[Data extracted from a collection]
——
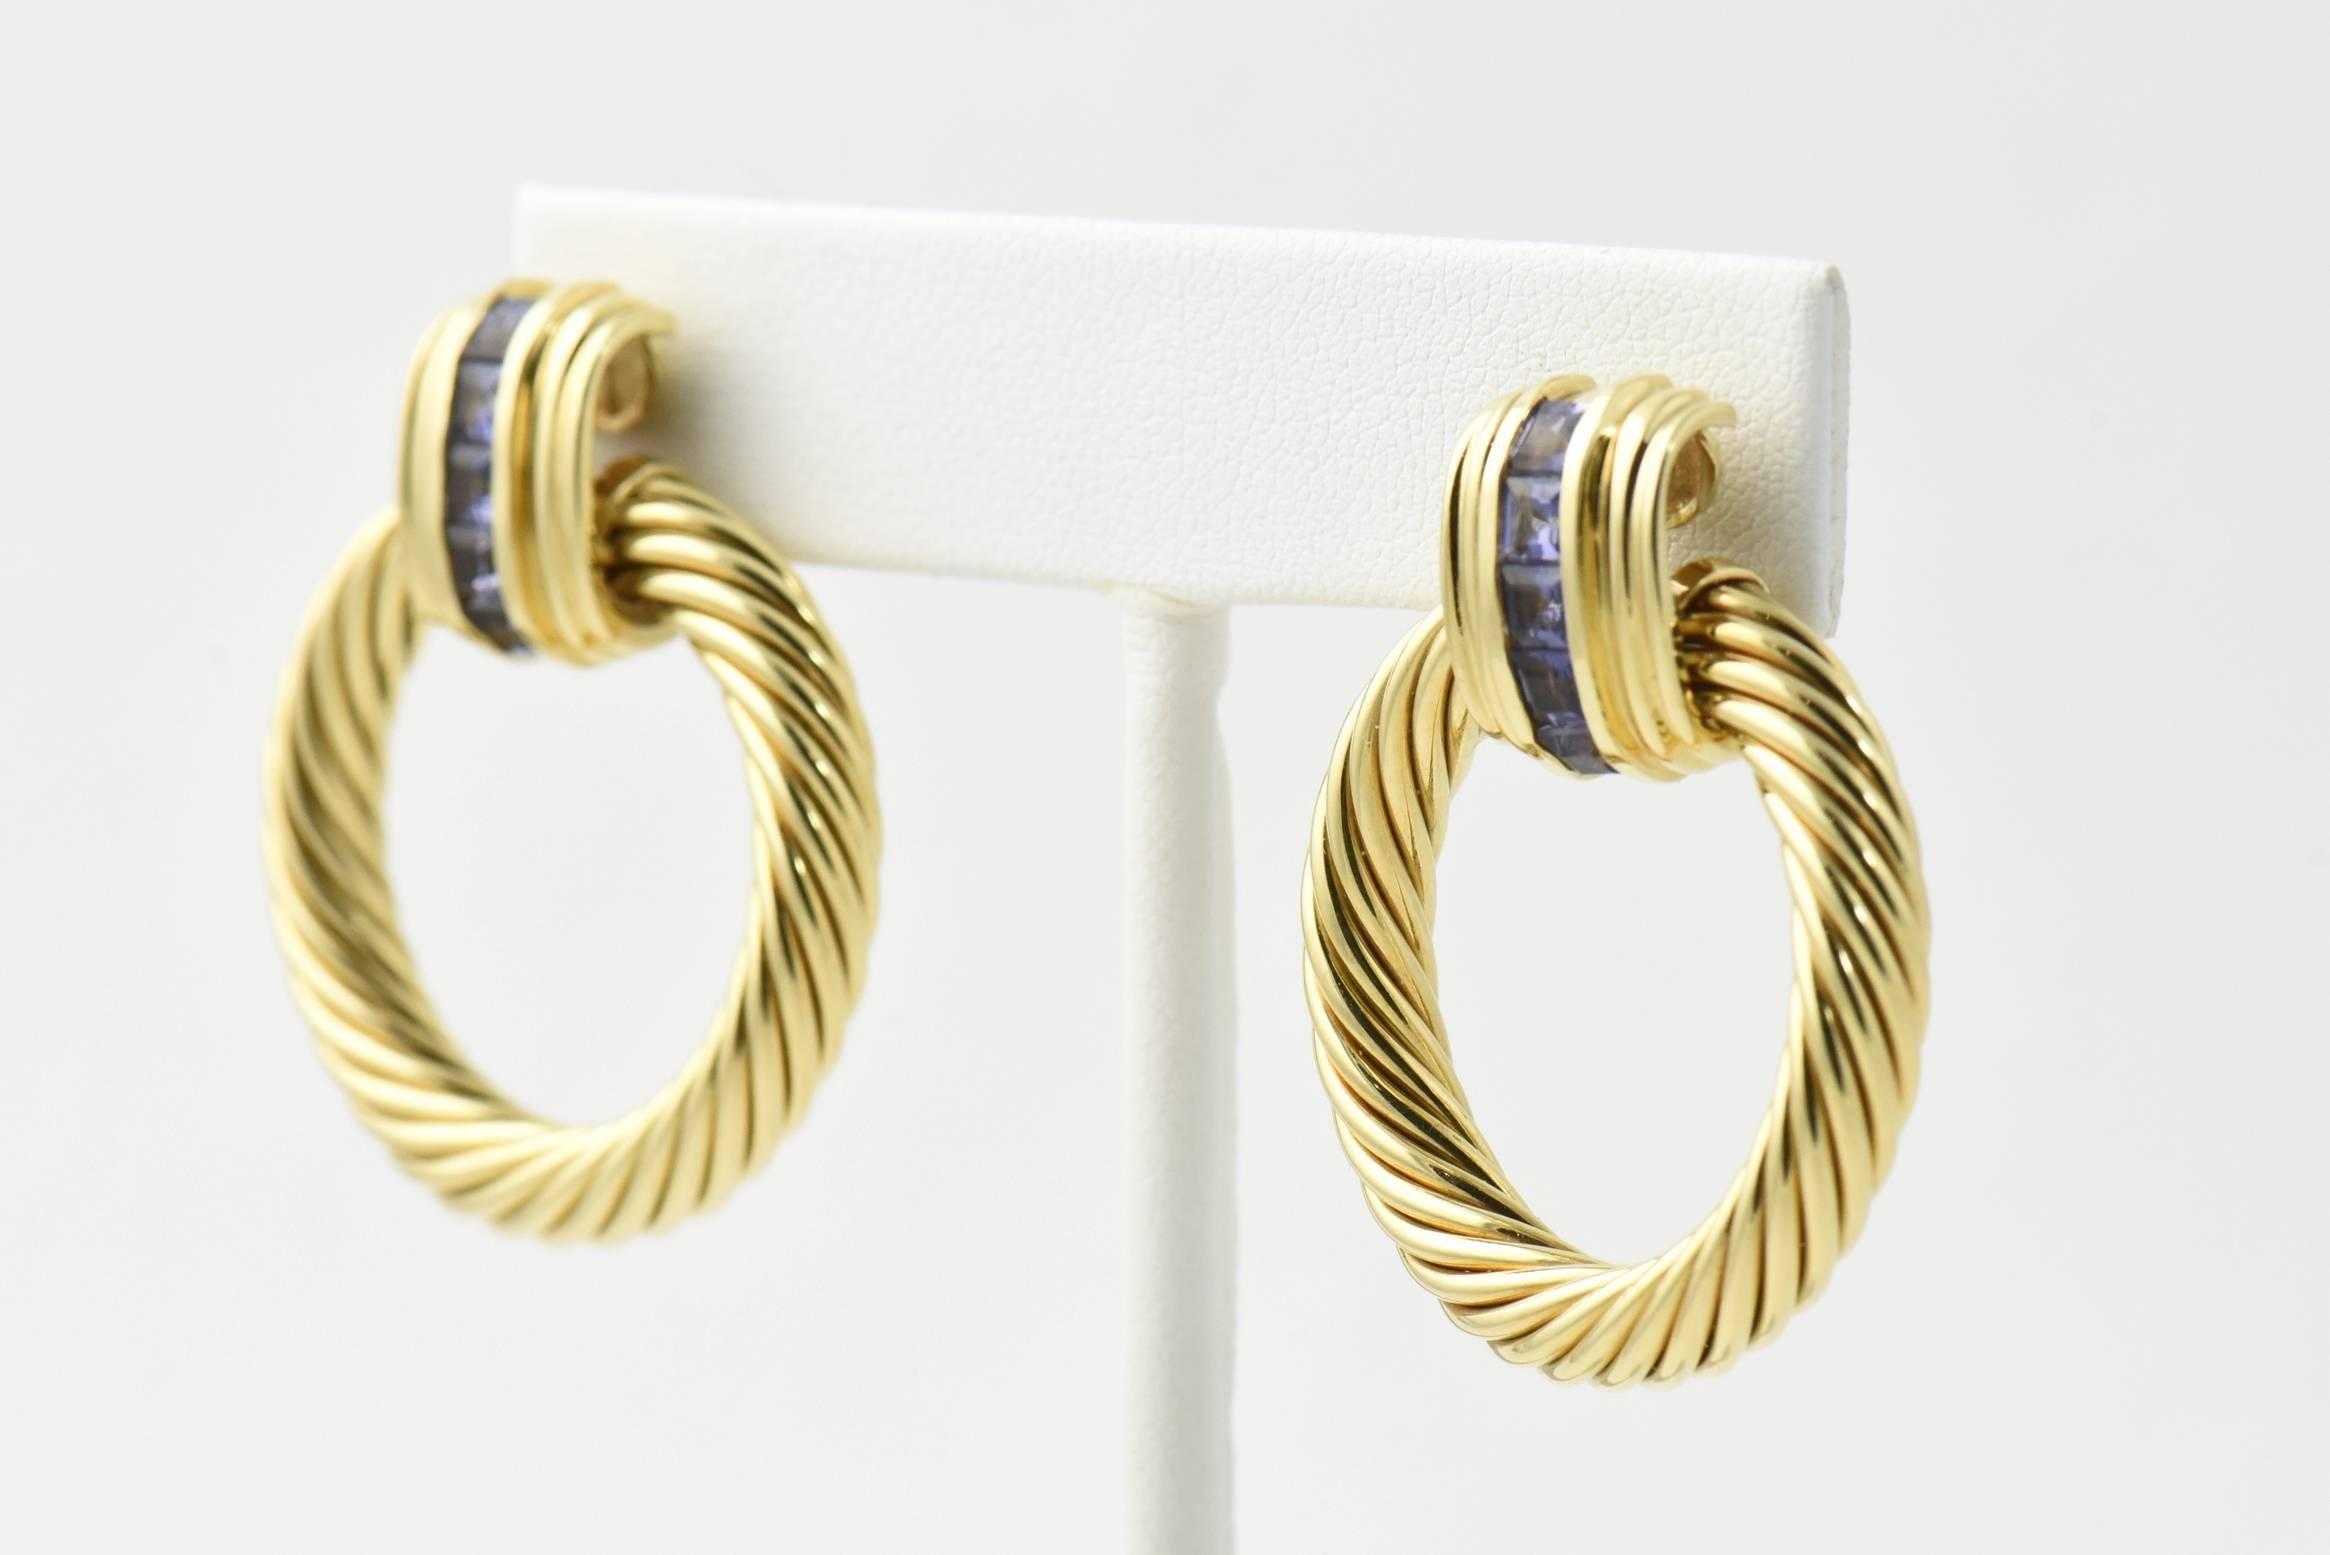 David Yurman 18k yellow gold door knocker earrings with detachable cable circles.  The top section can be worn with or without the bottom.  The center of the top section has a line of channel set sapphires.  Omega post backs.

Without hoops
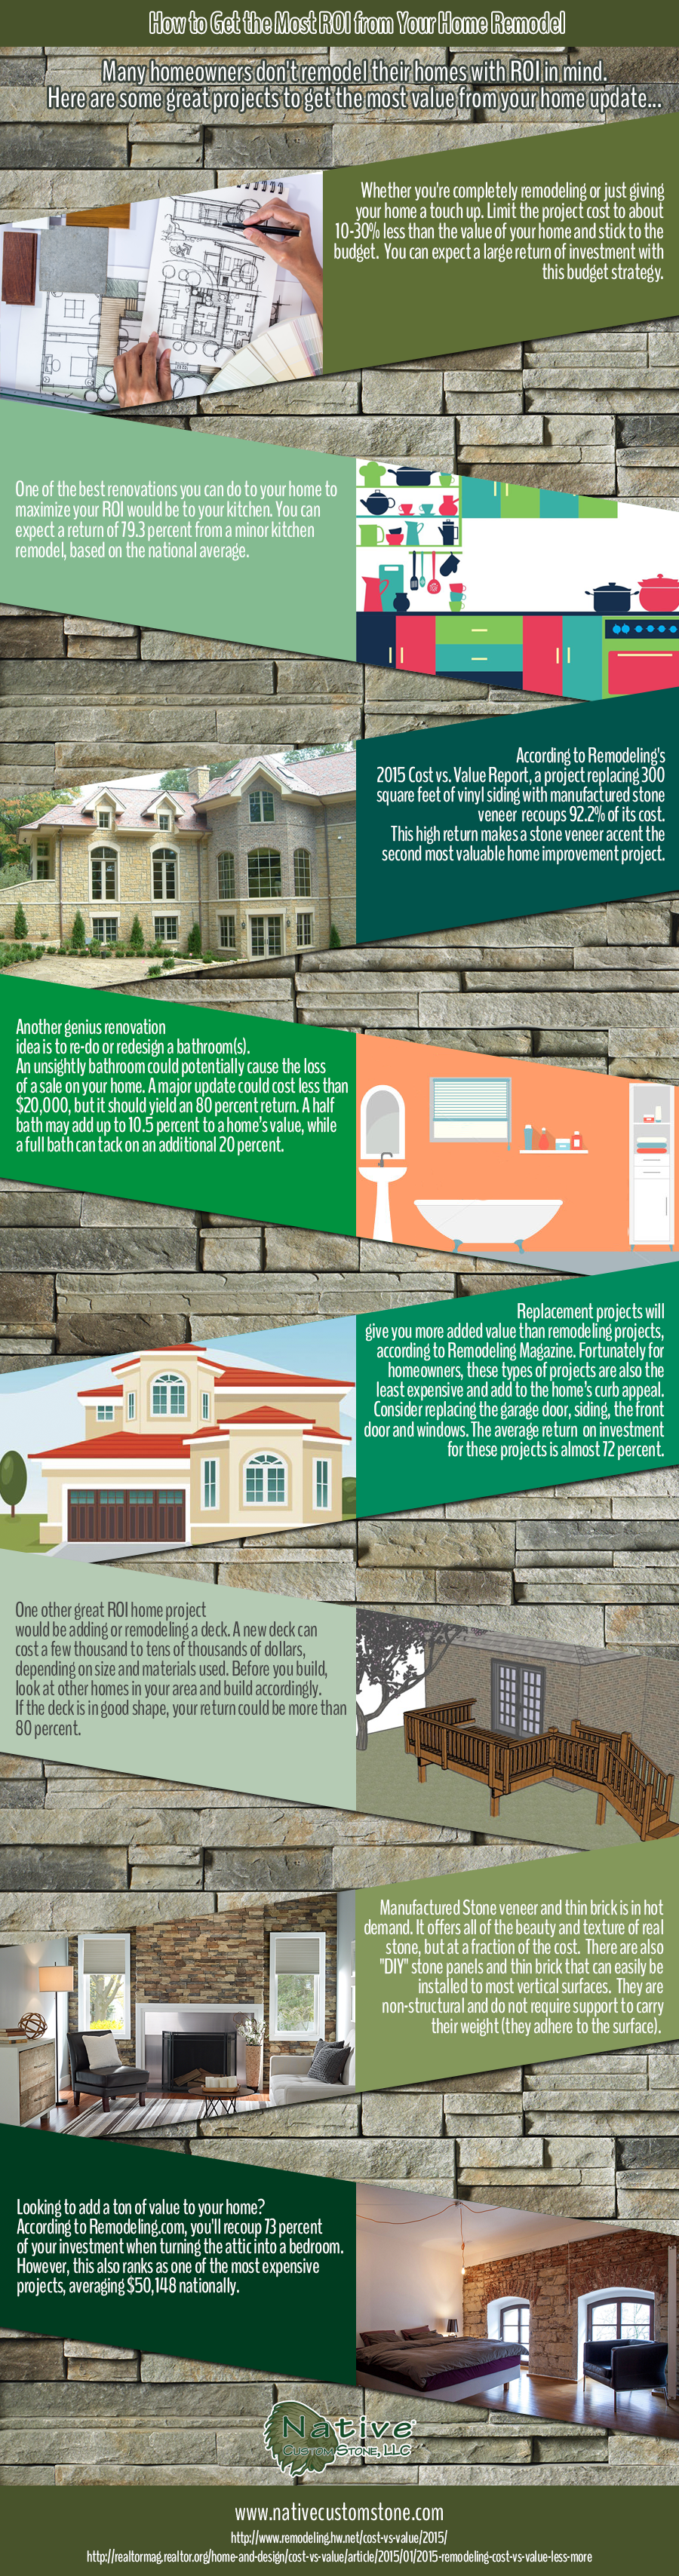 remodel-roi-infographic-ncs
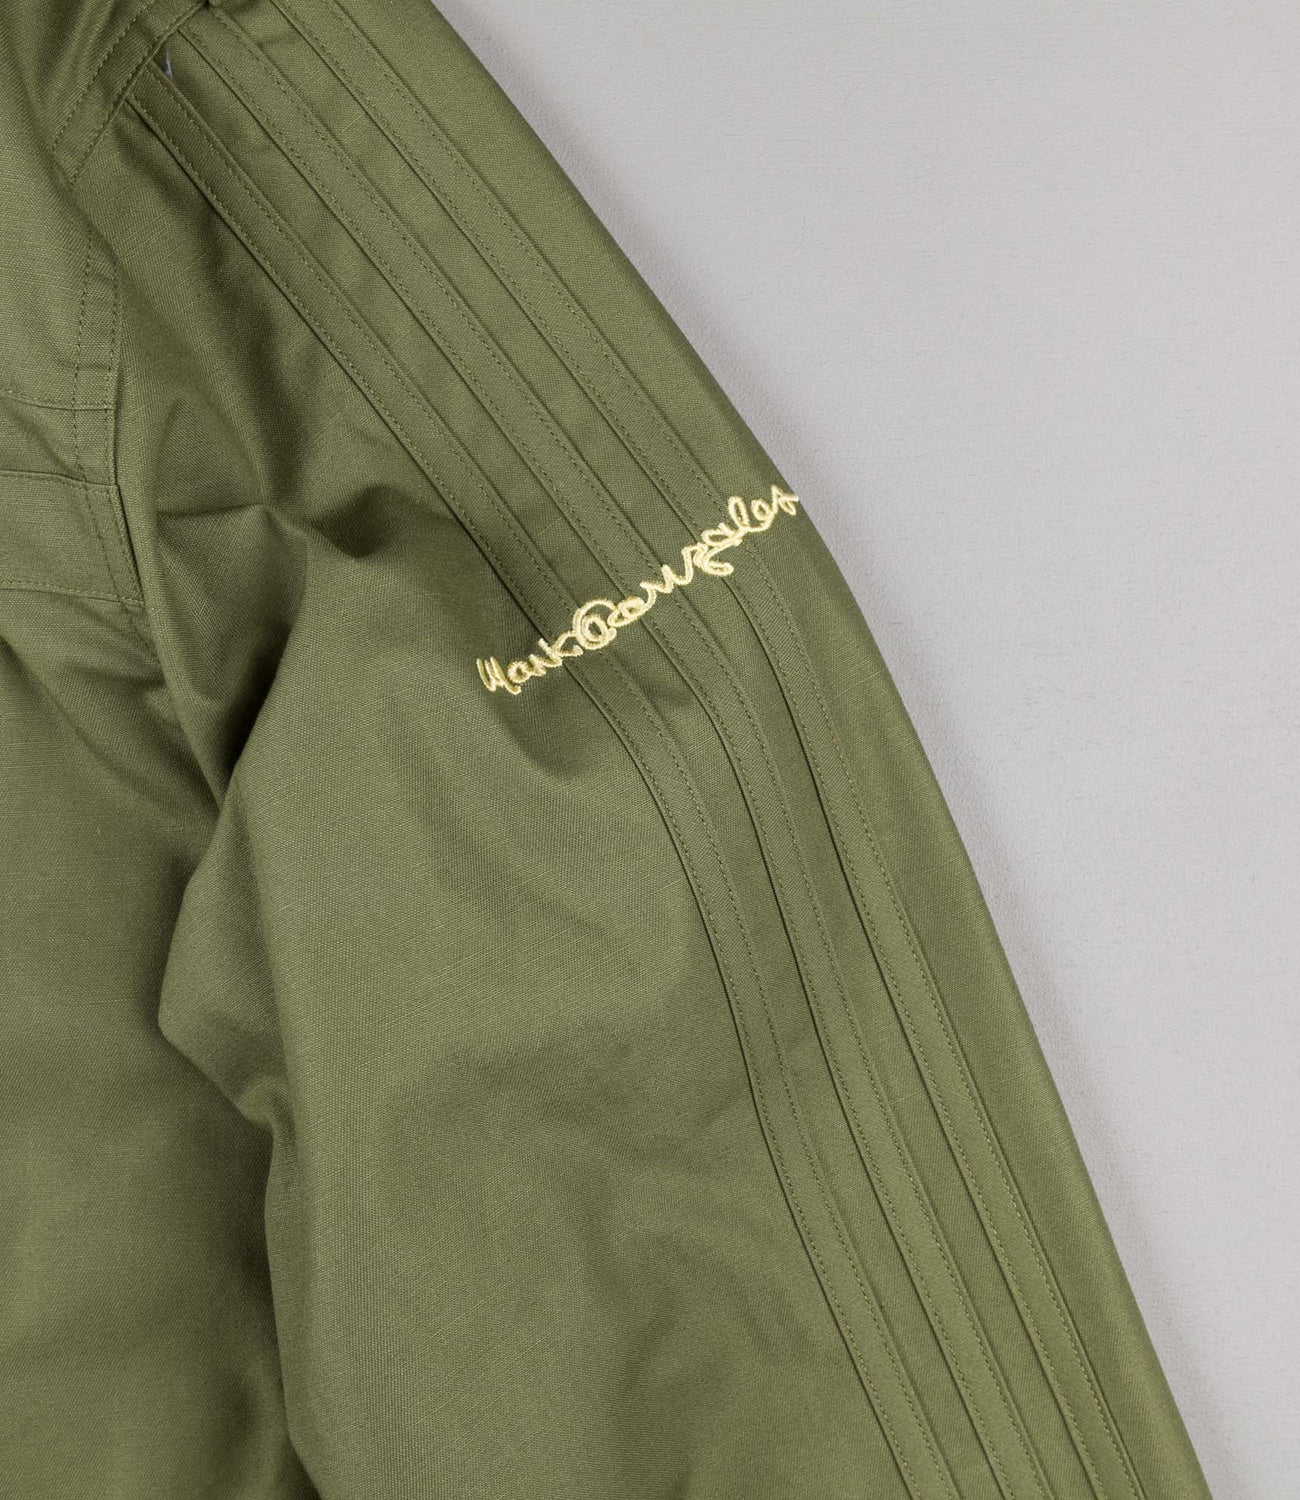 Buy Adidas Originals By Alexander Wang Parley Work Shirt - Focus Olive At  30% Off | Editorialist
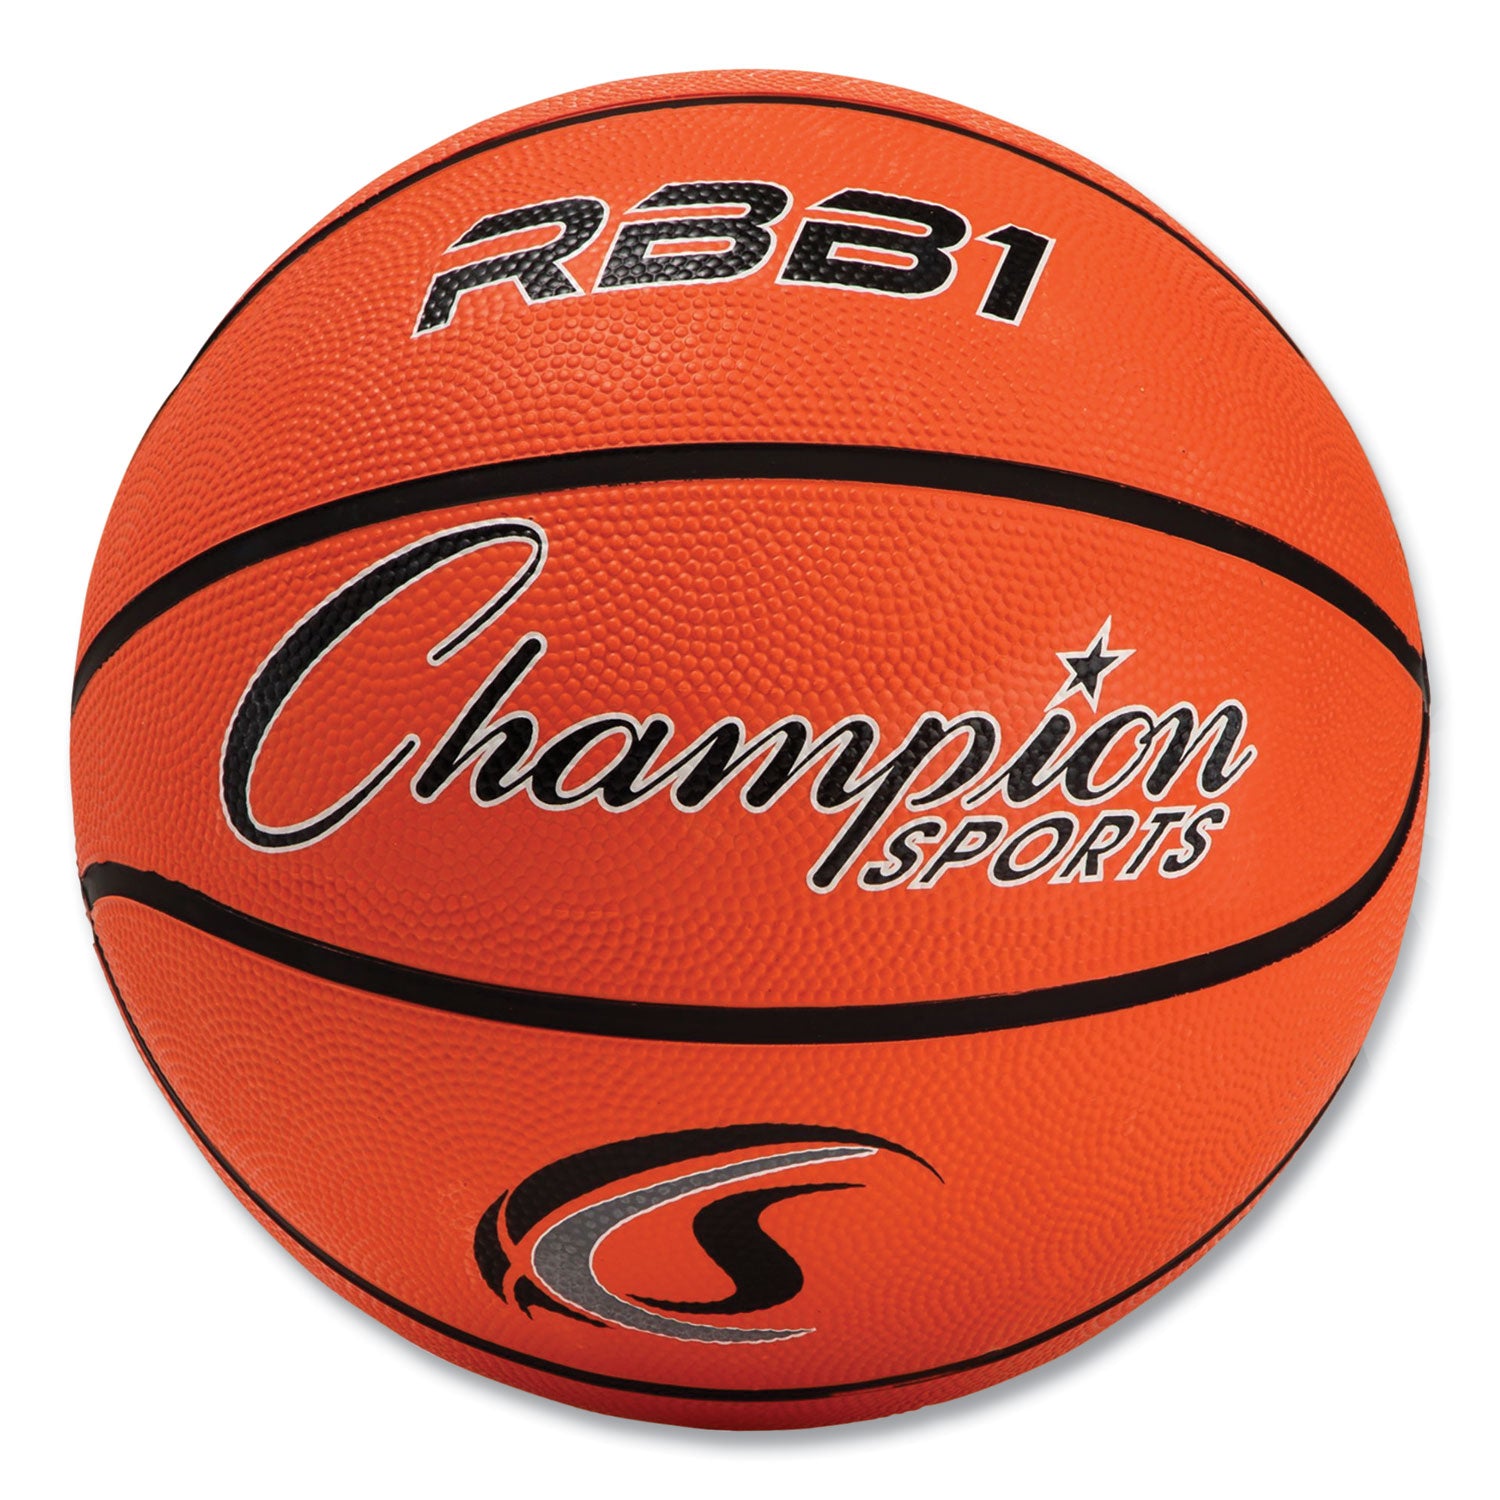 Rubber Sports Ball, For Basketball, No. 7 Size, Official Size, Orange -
——
Assigned task: Return every entry above exactly. Pictures stay out.

Output of the task:
 David Yurman 18k yellow gold door knocker earrings with detachable cable circles.  The top section can be worn with or without the bottom.  The center of the top section has a line of channel set sapphires.  Omega post backs.

Without hoops
 remodel-roi-infographic-ncs
 Buy Adidas Originals By Alexander Wang Parley Work Shirt - Focus Olive At  30% Off | Editorialist
 Rubber Sports Ball, For Basketball, No. 7 Size, Official Size, Orange -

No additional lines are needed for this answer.